Metabolite profiling and isotope tracing
PDX primary cell lines were seeded in 6-well plates at a density of 2.0 × 105 cells per well. For overall polar metabolite profile, after overnight incubation, cells were washed once with PBS and cultured for an additional 24 h with 2 ml of conditional RPMI medium containing 0 μM or 100 μM methionine plus 10% FBS. Cellular metabolites were extracted after incubation. For U-13C-Serine isotope tracing, both primary CRC119 cells and HCT116 cells were seeded in 6-well plates at a density of 2.0 × 105 cells per well. Cells were washed once with PBS after overnight incubation and cultured for an additional 24 h with 2 ml of conditional RPMI medium containing 0 μM or 100 μM methionine with or without addition of 5-FU (3.4 or 10 μM) plus 10% FBS. Then, medium was replaced with fresh conditional RPMI medium (0 μM or 100 μM methionine) with or without addition of 5-FU (3.4 or 10 μM) containing tracer U-13C-Serine plus 10% dialyzed FBS. Cells were traced for 6 h, and followed by cellular metabolite extraction.
Metabolite extraction
Polar metabolite extraction has been described previously36. Briefly, tissue samples, liver and tumour, were pulverized in liquid nitrogen and then 3-10 mg of was weighed out for metabolite extraction using ice cold extraction solvent (80% methanol/water, 500 μl). Tissue was then homogenized with a homogenizer to an even suspension, and incubated on ice for an additional 10 min. The extract was centrifuged at 20,000 g × 10 min at 4 °C. The supernatant was transferred to a new Eppendorf tube and dried in vacuum concentrator. For serum or medium, 20 μl of sample was added to 80 μl ice cold water in an Eppendorf tube on ice, followed by the addition of 400 μl ice cold methanol. Samples were vortexed at the highest speed for 1 min before centrifugation at 20,000 g for 10 min at 4 °C. For cells cultured in 6-well plates, cells were placed on top of dry ice right after medium removal. 1 ml ice-cold extraction solvent (80% methanol/water) was added to each well and the extraction plate was quenched at −80 °C for 10 min. Cells were then scraped off the plate into an Eppendorf tube. Samples were vortexed and centrifuged as described early. The supernatant was transferred to a new Eppendorf tube and dried in vacuum concentrator. The dry pellets were stored at −80 °C for LC-HRMS analysis. Samples were reconstituted into 30-60 μl sample solvent (water:methanol:acetonitrile, 2:1:1, v/v/v) and were centrifuged at 20,000 × g at 4 °C for 3 min. The supernatant was transferred to LC vials. The injection volume was 3 μl for HILIC chromatography, which is equivalent to a metabolite extract of 160 μg tissue injected on the column.
HPLC method
Ultimate 3000 UHPLC (Dionex) was coupled to Q Exactive-Mass spectrometer (QE-MS, Thermo Scientific) for metabolite separation and detection. For additional polar metabolite analysis, a hydrophilic interaction chromatography method (HILIC) with an Xbridge amide column (100 × 2.1 mm i.d., 3.5 μm; Waters) was used for compound separation at room temperature. The mobile phase and gradient information was described previously 37.

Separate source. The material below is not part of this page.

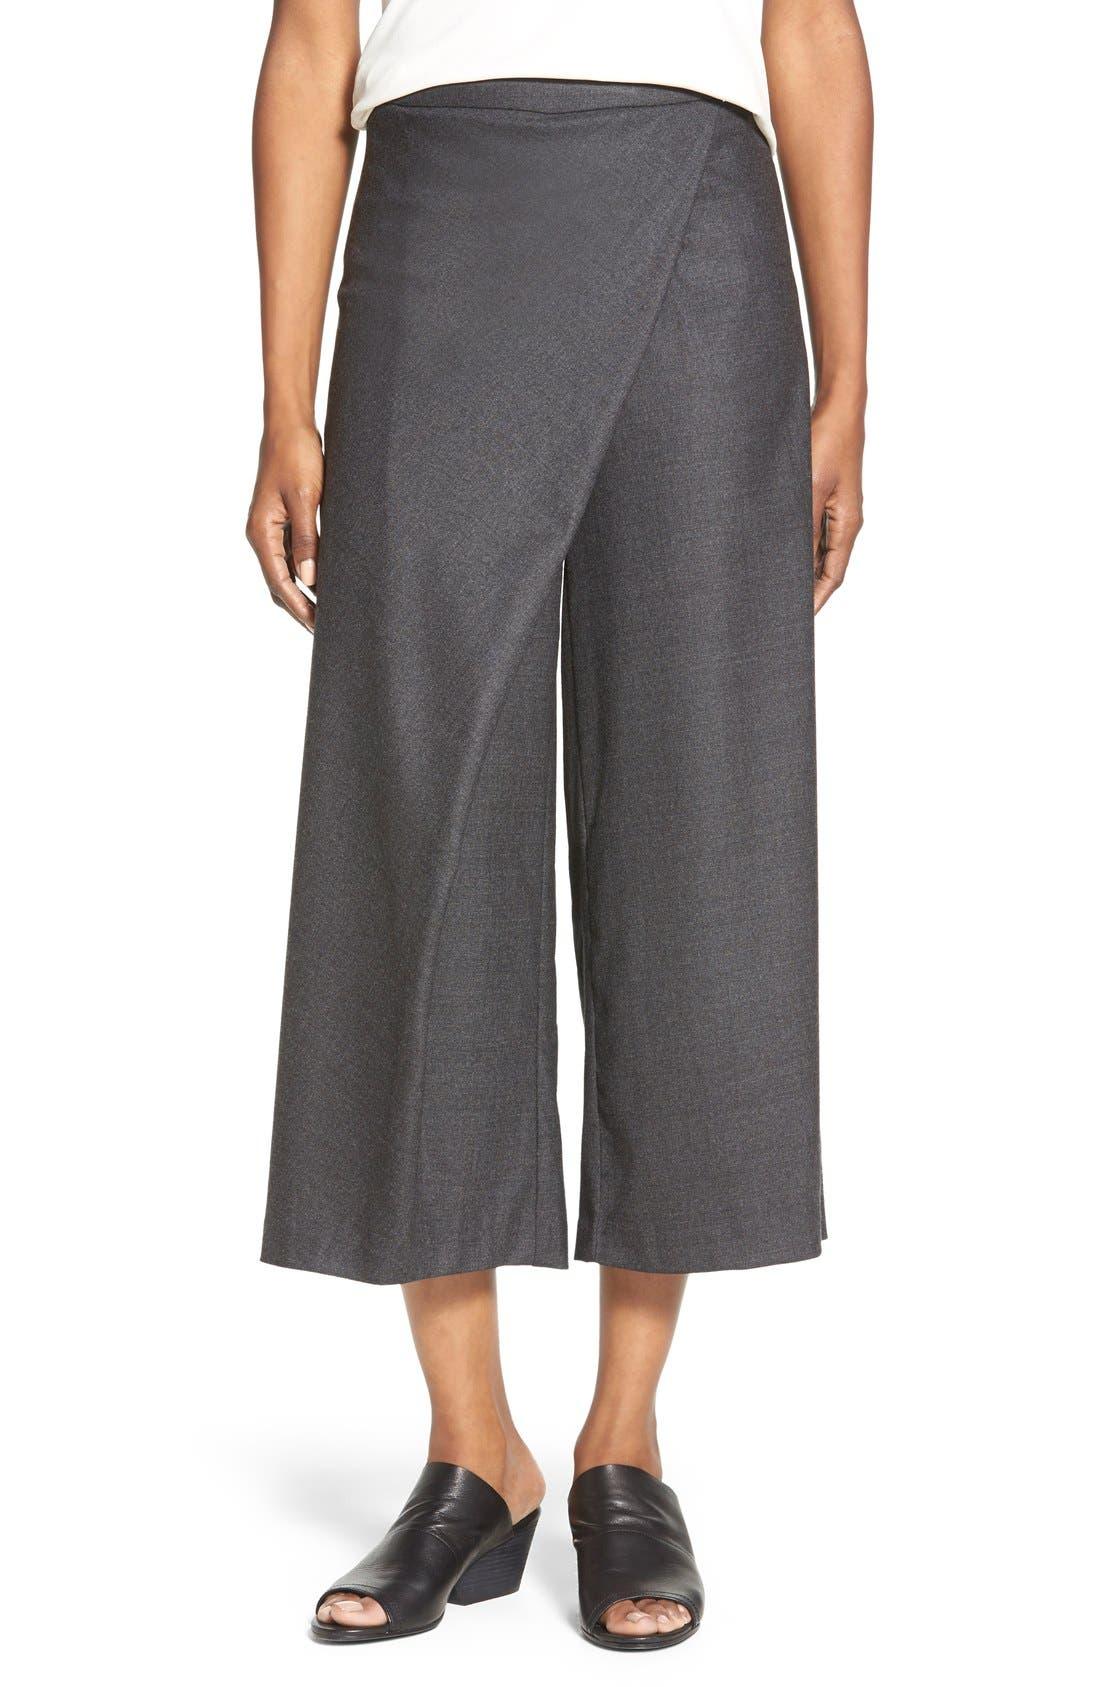 Alternate Image 1 Selected - Eileen Fisher Wool Twill Sarong Pants  (Regular & Petite)

Mass spectrometry and data analysis
The QE-MS was equipped with a HESI probe, and the relevant parameters were as listed: heater temperature, 120 °C; sheath gas, 30; auxiliary gas, 10; sweep gas, 3; spray voltage, 3.6 kV for positive mode and 2.5 kV for negative mode. Capillary temperature was set at 320 °C, and S-lens was 55. A full scan range was set at 60 to 900 (m/z) when coupled with the HILIC method, or 300 to 1,000 (m/z) when low abundance metabolites need to be measured. The resolution was set at 70,000 (at m/z 200). The maximum injection time (max IT) was 200 ms. Automated gain control (AGC) was targeted at 3 Å~ 106 ions. LC-MS peak extraction and integration were analyzed with commercial available software Sieve 2.0 (Thermo Scientific). The integrated peak intensity was used for further data analysis. For tracing studies using U-13C-Serine, 13C natural abundance was corrected as previously described 38.
Statistical analysis and bioinformatics
Pathway analysis of metabolites was carried out with software Metaboanalyst (http://www.metaboanalyst.ca/MetaboAnalyst/) using the KEGG pathway database (http://www.genome.jp/kegg/). All data are represented as mean ± s.d. or mean ± s.e.m. as indicated. P values were calculated by a two-tailed Student’s t test unless otherwise noted.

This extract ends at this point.